*Materials provided:*
⟨

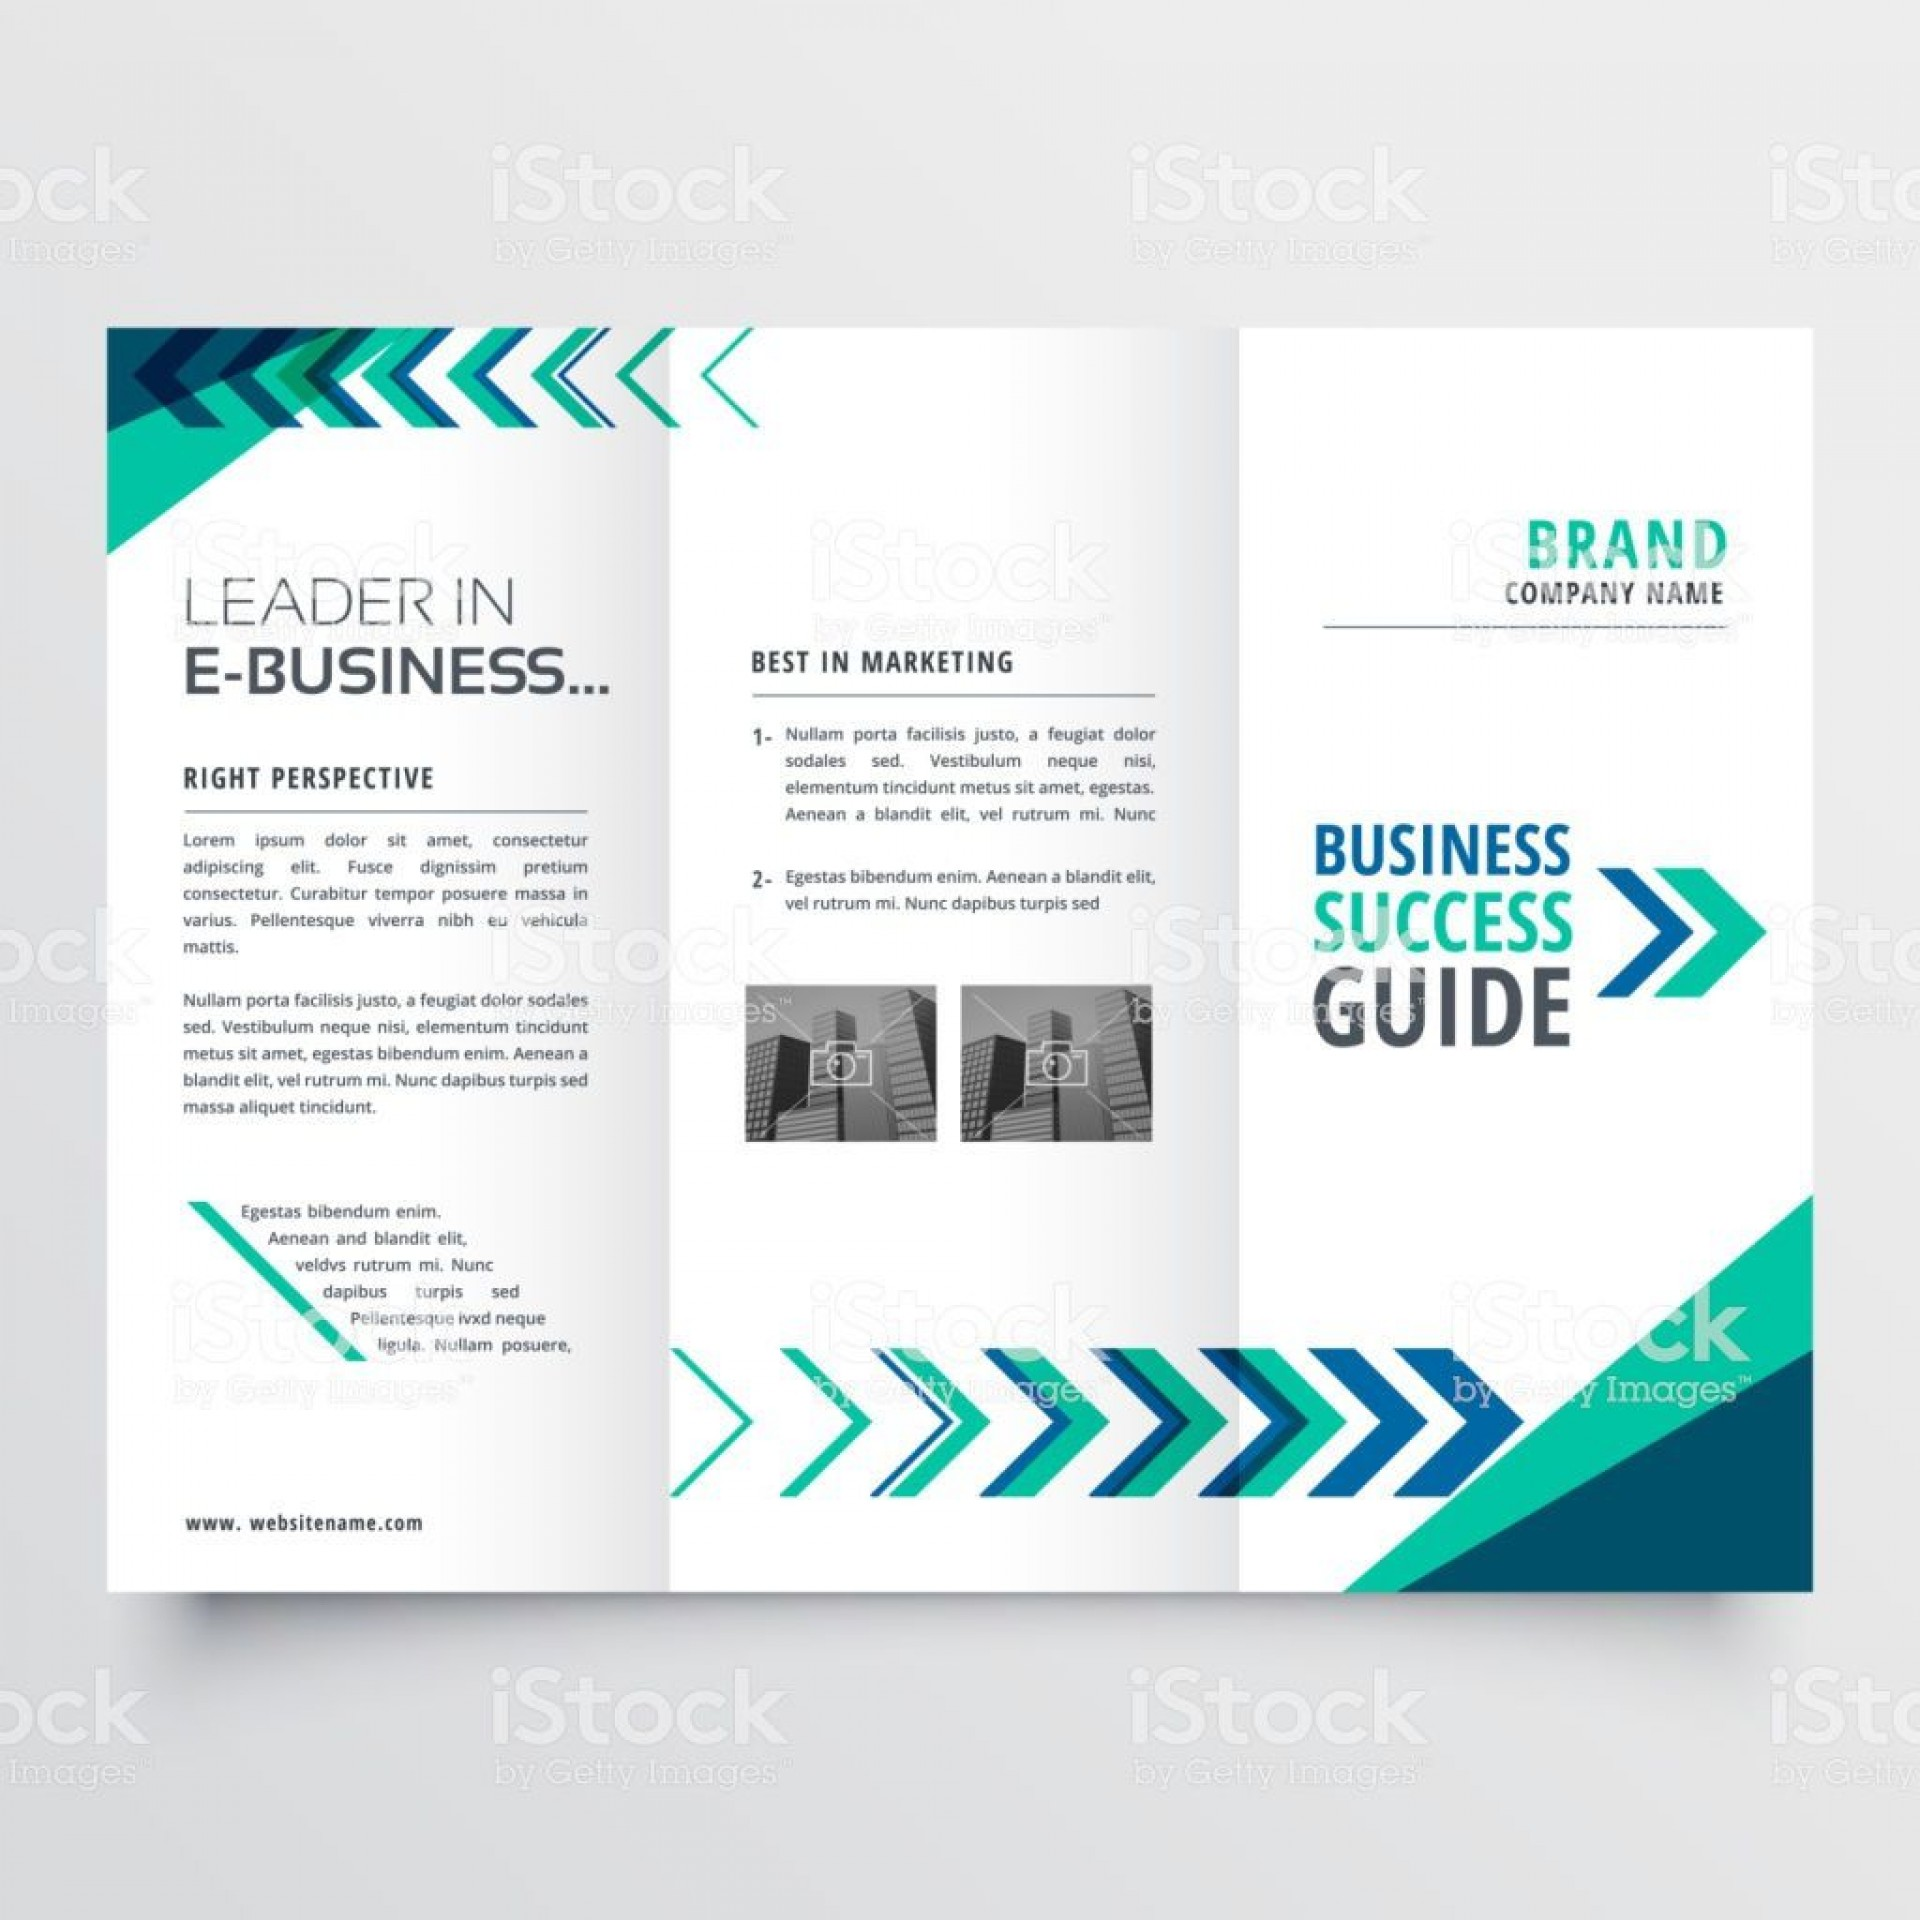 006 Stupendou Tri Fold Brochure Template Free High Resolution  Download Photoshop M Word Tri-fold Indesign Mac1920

⟩
⟨

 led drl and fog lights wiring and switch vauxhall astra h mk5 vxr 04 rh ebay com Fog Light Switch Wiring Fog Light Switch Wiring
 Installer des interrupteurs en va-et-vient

⟩

*Requirement:*
For the lines above, output exactly those from the line containing "led drl and" through the line containing "Installer des interrupteurs en va-et-vient", and skip the others.

*Written reply:*
 led drl and fog lights wiring and switch vauxhall astra h mk5 vxr 04 rh ebay com Fog Light Switch Wiring Fog Light Switch Wiring
 Installer des interrupteurs en va-et-vient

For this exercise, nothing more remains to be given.